HOW TO COMPLETE THIS TASK. Without changing a single word, set down all of the records.

(Saved data entries)
┌──
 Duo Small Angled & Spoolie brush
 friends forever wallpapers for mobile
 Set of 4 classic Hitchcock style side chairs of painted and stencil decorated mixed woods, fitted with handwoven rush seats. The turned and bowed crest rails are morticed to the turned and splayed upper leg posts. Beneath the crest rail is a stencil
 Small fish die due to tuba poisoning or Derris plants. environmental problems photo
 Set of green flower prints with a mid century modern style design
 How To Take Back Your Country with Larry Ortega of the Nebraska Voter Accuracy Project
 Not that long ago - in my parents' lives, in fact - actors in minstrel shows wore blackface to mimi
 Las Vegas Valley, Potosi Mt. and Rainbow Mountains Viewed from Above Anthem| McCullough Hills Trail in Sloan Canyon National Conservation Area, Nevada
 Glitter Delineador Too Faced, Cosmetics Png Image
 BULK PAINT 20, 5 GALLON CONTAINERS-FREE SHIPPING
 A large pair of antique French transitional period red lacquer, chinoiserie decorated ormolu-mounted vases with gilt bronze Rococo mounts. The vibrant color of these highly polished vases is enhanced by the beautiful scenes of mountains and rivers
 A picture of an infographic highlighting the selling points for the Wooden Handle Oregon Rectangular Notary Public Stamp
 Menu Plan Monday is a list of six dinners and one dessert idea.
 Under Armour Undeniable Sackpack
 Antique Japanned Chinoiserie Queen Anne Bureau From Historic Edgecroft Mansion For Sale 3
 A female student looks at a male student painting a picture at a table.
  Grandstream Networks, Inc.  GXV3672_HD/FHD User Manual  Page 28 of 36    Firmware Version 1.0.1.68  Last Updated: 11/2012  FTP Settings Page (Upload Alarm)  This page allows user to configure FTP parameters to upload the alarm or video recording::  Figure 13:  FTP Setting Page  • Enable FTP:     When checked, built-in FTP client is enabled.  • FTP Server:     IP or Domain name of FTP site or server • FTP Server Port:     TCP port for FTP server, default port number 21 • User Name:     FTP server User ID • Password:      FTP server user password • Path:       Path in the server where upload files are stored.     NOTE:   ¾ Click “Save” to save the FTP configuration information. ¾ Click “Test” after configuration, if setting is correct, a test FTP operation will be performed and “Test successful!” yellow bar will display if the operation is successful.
└──
EXERCISE OUTPUT.
 Duo Small Angled & Spoolie brush
 friends forever wallpapers for mobile
 Set of 4 classic Hitchcock style side chairs of painted and stencil decorated mixed woods, fitted with handwoven rush seats. The turned and bowed crest rails are morticed to the turned and splayed upper leg posts. Beneath the crest rail is a stencil
 Small fish die due to tuba poisoning or Derris plants. environmental problems photo
 Set of green flower prints with a mid century modern style design
 How To Take Back Your Country with Larry Ortega of the Nebraska Voter Accuracy Project
 Not that long ago - in my parents' lives, in fact - actors in minstrel shows wore blackface to mimi
 Las Vegas Valley, Potosi Mt. and Rainbow Mountains Viewed from Above Anthem| McCullough Hills Trail in Sloan Canyon National Conservation Area, Nevada
 Glitter Delineador Too Faced, Cosmetics Png Image
 BULK PAINT 20, 5 GALLON CONTAINERS-FREE SHIPPING
 A large pair of antique French transitional period red lacquer, chinoiserie decorated ormolu-mounted vases with gilt bronze Rococo mounts. The vibrant color of these highly polished vases is enhanced by the beautiful scenes of mountains and rivers
 A picture of an infographic highlighting the selling points for the Wooden Handle Oregon Rectangular Notary Public Stamp
 Menu Plan Monday is a list of six dinners and one dessert idea.
 Under Armour Undeniable Sackpack
 Antique Japanned Chinoiserie Queen Anne Bureau From Historic Edgecroft Mansion For Sale 3
 A female student looks at a male student painting a picture at a table.
  Grandstream Networks, Inc.  GXV3672_HD/FHD User Manual  Page 28 of 36    Firmware Version 1.0.1.68  Last Updated: 11/2012  FTP Settings Page (Upload Alarm)  This page allows user to configure FTP parameters to upload the alarm or video recording::  Figure 13:  FTP Setting Page  • Enable FTP:     When checked, built-in FTP client is enabled.  • FTP Server:     IP or Domain name of FTP site or server • FTP Server Port:     TCP port for FTP server, default port number 21 • User Name:     FTP server User ID • Password:      FTP server user password • Path:       Path in the server where upload files are stored.     NOTE:   ¾ Click “Save” to save the FTP configuration information. ¾ Click “Test” after configuration, if setting is correct, a test FTP operation will be performed and “Test successful!” yellow bar will display if the operation is successful.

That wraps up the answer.